The new consultation paper sets out the CBI’s minimum expectations regarding the governance and management of outsourcing risks with a strong emphasis on performing due diligence prior to and while engaging with outsourced service providers (“OSPs”). Under CP138, funds and mancos should consider several key factors when developing a framework to manage outsourcing arrangements including: intra group arrangements, contractual arrangements and service level agreements, ongoing monitoring, disaster recovery and business continuity management, and the provision of outsourcing information to the CBI. Most importantly, CP138’s scope addresses OSPs considered critical or important such as fund distributors and focuses on the initial and ongoing due diligence aspects of these outsourcing arrangements.
Fund and manco directors must be satisfied that there are appropriate internal controls in place to identify, measure, manage, monitor and report the risks associated with their outsourcing arrangements. Management also needs to define materiality when determining which material events affecting the provision of critical or important services, or breaches of contractual arrangements or SLAs, need to be reported to the CBI when they occur. In addition, management needs to assess how the controls that are in place to assess these risks are tested via a third-party review/audit or internal audit.

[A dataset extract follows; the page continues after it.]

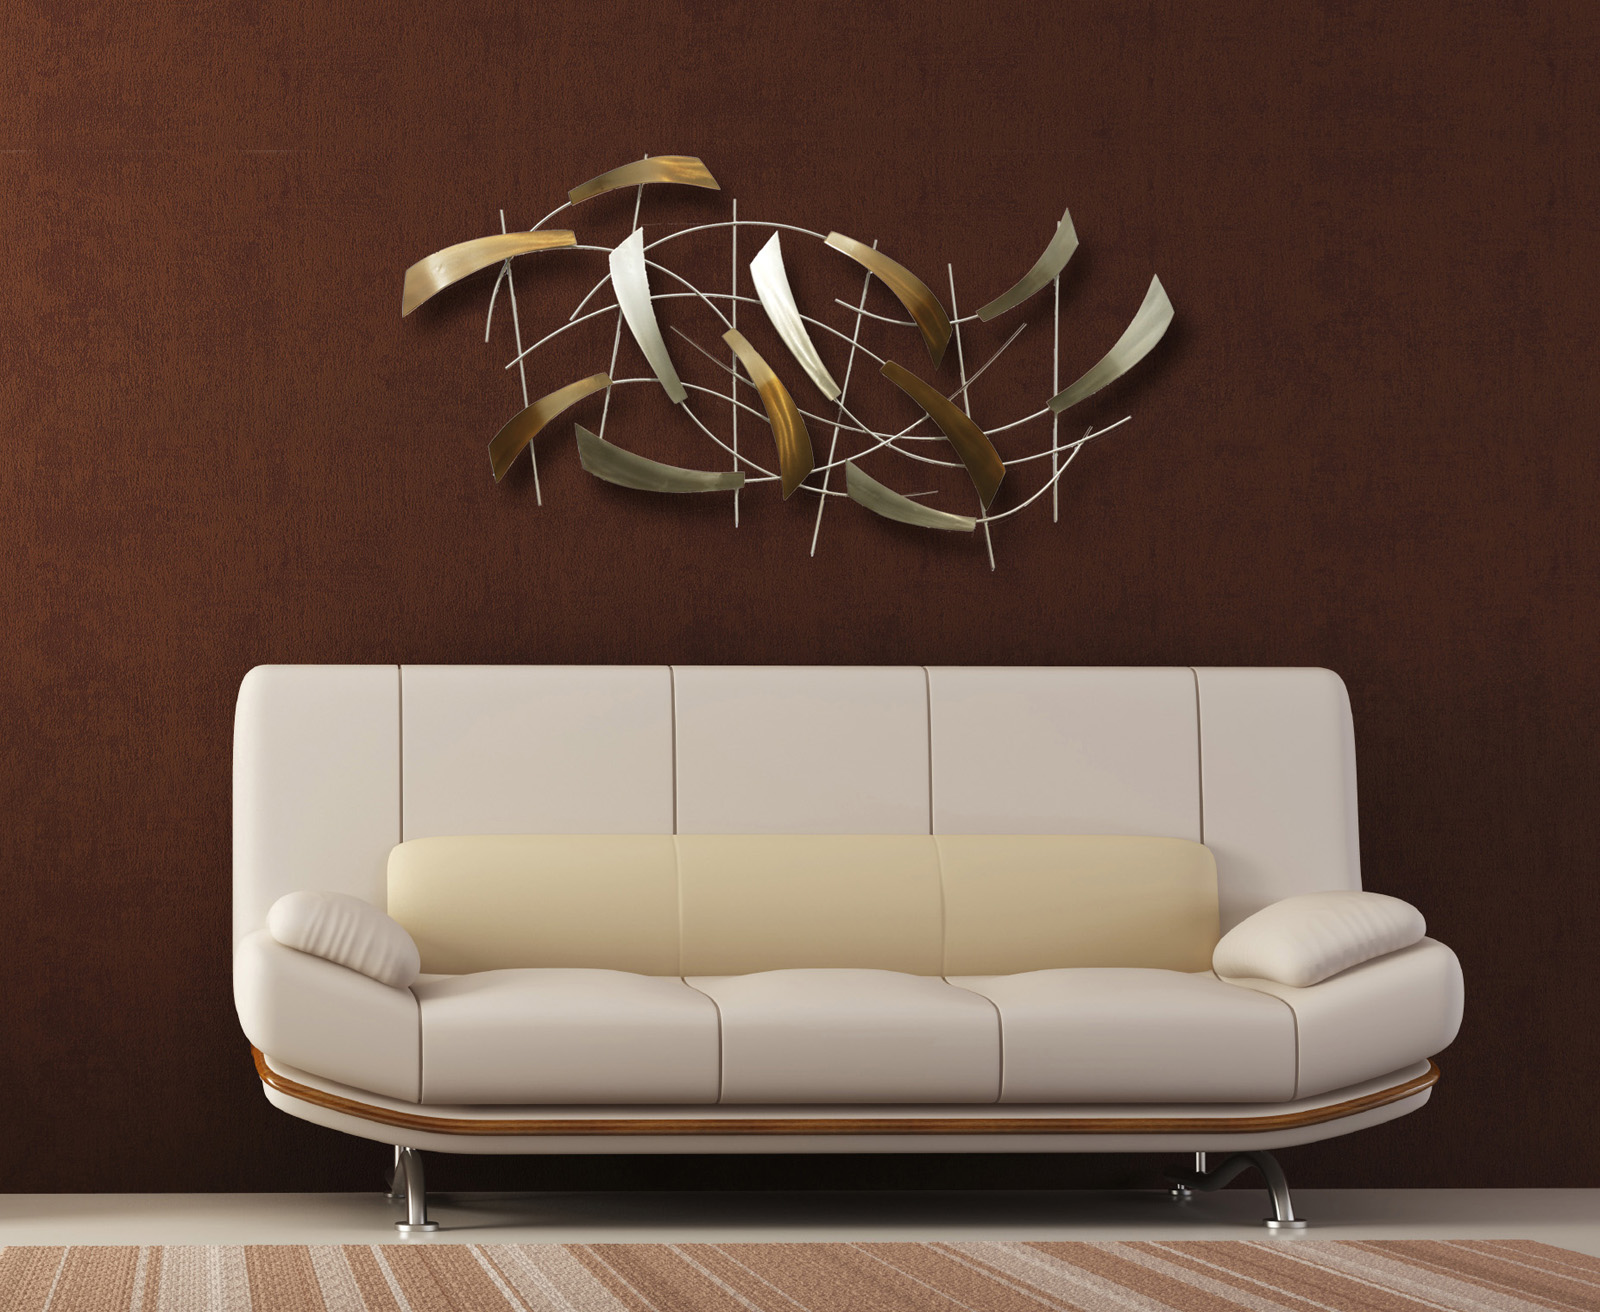 Home interiors and gifts - Home Interiors And Gifts Catalog 2011

Initial and ongoing due diligence procedures to monitor fund distributors and sub-distributors
Considering the CBI’s expectations, funds and mancos are now taking a fresh look at their policies and procedures around the oversight of OSPs including fund distributors and sub-distributors.

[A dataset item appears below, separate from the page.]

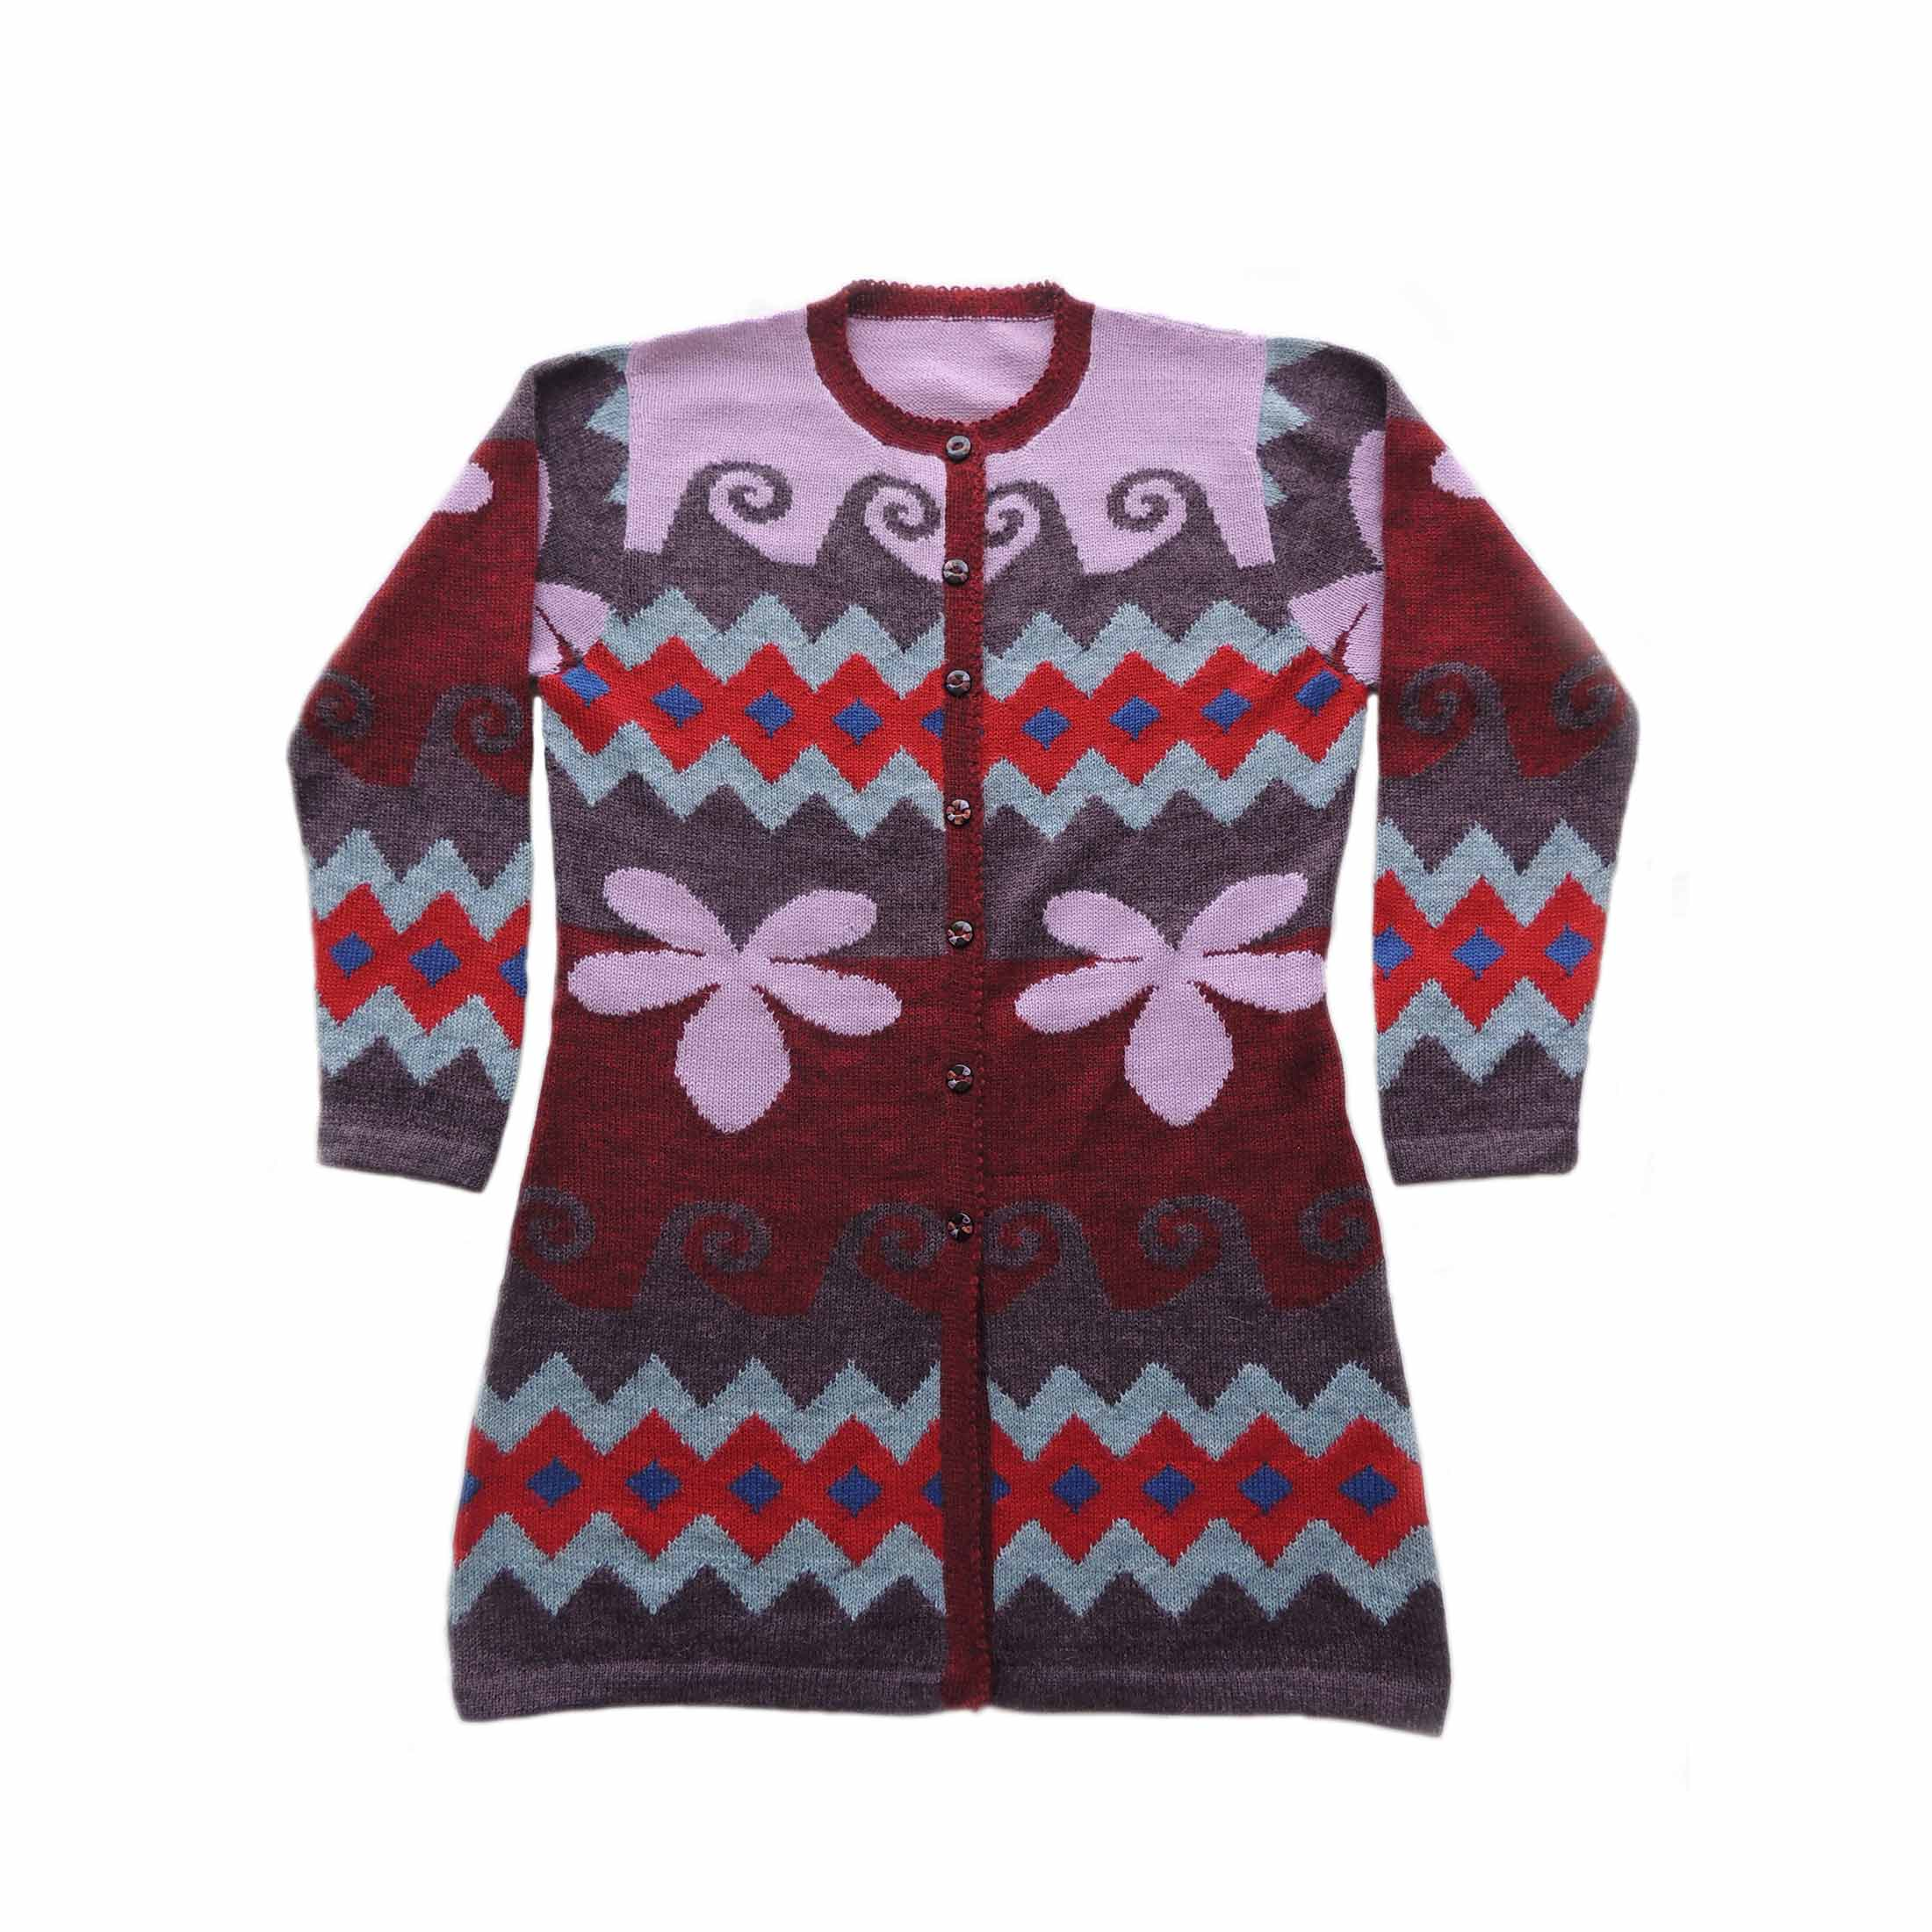 PopsFL Wholesale Intarsia knitting collection women's cardigan alpaca

Performing due-diligence procedures for a fund’s distributor and sub-distributors, where relevant, continues to be a challenging and onerous process for funds and fund management companies because of the volume and complexity of these arrangements. There can be many intermediaries between an investor and an investment manager such as fund platforms and regional distributors and distribution channels can be complex and, at times, not transparent.
CP138 sets out the CBI’s expectation that appropriate due diligence reviews should be conducted of all prospective OSPs including intra-group providers before entering into any arrangements. Due diligence procedures clearly outlined in CP138 include, among many, the periodic review of the financial health of key OSPs, review of key contracts before expiry, and analysis of sub-outsourcing arrangements (chain outsourcing) to determine if any additional look-through due-diligence procedures are needed on sub-service providers. CP138 makes clear that the CBI expects more oversight on chain outsourcing relationships to the depth and extent dictated by risk appetite.
For chain outsourcing, primary fund distributors need to perform rigorous due diligence on their sub-delegates and maintain evidence thereof. Rigour is not clearly defined but should include, for example, that appropriate due diligence is performed on an ongoing basis on each sub-provider and that proof of these due-diligence activities are available upon request (including any onsite visits as appropriate). This can be challenging and should be allowed for within any contractual arrangement with the sub-provider.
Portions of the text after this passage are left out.